Method of Payment. To the extent permitted by Applicable Laws, payment of the aggregate Exercise Price as
to all exercised Shares shall be by any of the following methods, or a combination thereof, at Participant’s
election:

 

(a) cash;

 

(b) check;

 

(c) surrender
of other Shares which (i) shall be valued at their Fair Market Value on the date of exercise and (ii) must be owned by Participant
free and clear of any liens, claims, encumbrances or security interests, if accepting such Shares, in the Administrator’s
sole discretion, will not result in any adverse accounting consequences to the Company; or

 

(d) consideration
received by the Company under a cashless exercise program (whether through a broker or otherwise) implemented by the Company in
connection with the Plan.

 

Any
fraction of a Share which would be required to pay such aggregate Exercise Price shall be disregarded, and the remaining amount
due shall be paid in cash by Participant.

 

6.
Restrictions on Exercise. This Option may not be exercised unless the issuance of Shares upon such exercise,
or the method of payment of consideration for such Shares, complies with Applicable Laws. Assuming such compliance, Shares shall
be considered transferred to Participant, for income tax purposes, on the date on which this Option is exercised with respect
to such Shares.

 

7.
Non-Transferability of Option.
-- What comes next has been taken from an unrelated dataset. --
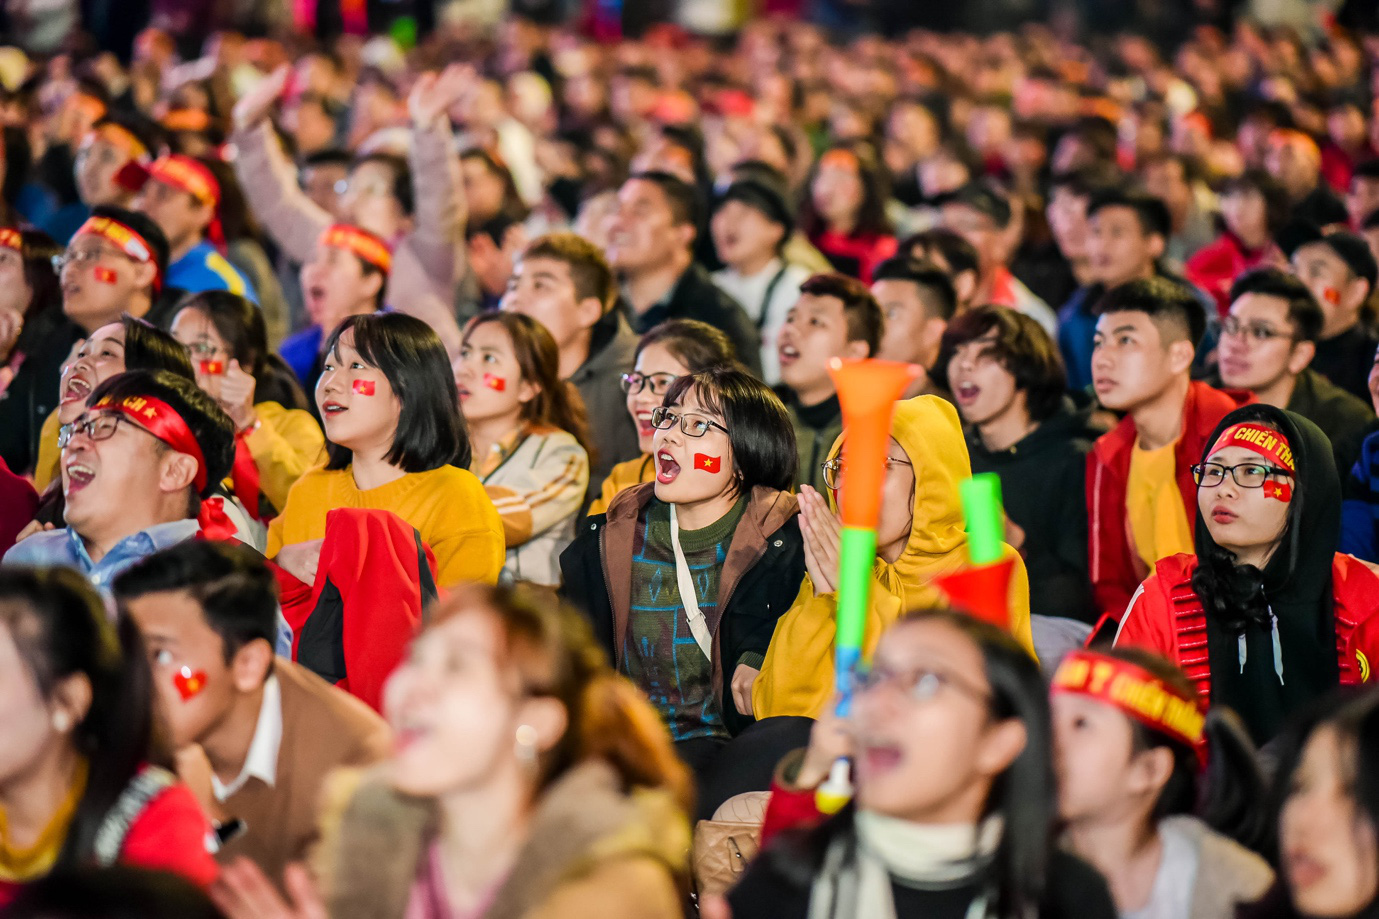 Tối nay, Hà Nội mở đại tiệc bóng đá trước Nhà hát Lớn, chờ U22 bất bại rinh vàng lịch sử! - Ảnh 3.

This Option (or, prior to exercise, the Shares subject to this Option) may
not be sold, pledged, assigned, hypothecated or otherwise transferred in any manner, including by entering into any short position,
any “put equivalent position” or any “call equivalent position” (as defined
in Rule 16a-1(h) and Rule 16a-1(b), respectively, of the Exchange Act), whether by operation of law or otherwise (“Transfer”),
other than by will or by the laws of descent and distribution, and may be exercised, during the lifetime of Participant, only
by Participant. The terms of the Plan and this Agreement shall be binding upon the executors, administrators, heirs, successors
and assigns of Participant.

 

8.
Term of Option. This Option may be exercised only (i) within the term set out in the Notice of Stock Option
Grant in Part I of this Agreement and (ii) in accordance with the terms and conditions of the Plan and this Agreement.

 

9.
Tax Obligations.

 

(a)
Tax Withholding. Participant agrees to make appropriate arrangements satisfactory to the Company to pay or
provide for the satisfaction of all federal, state, local, foreign and other taxes (including Participant’s
FICA obligation) required to be withheld with respect to the exercise of this Option. Participant acknowledges and agrees that
the Company may refuse to honor the exercise of this Option, and refuse to deliver the Shares, if such withholding amounts are
not delivered by Participant at the time of exercise.

 

(b)
Notice of Disqualifying Disposition of ISO Shares. If this Option is an Incentive Stock Option, and if Participant
makes a “disposition” (as defined in Section 424 of the Code) of all or any portion of
the Shares acquired upon exercise of this Option within two years from the Grant Date set out in the Notice of Stock Option Grant
in Part I of this Agreement or within one year after issuance of the Shares acquired upon exercise of this Option, then Participant
shall immediately notify the Company in writing as to the occurrence of, and the price realized upon, such disposition. Participant
agrees that Participant may be subject to income tax withholding by the Company on the compensation income recognized by Participant.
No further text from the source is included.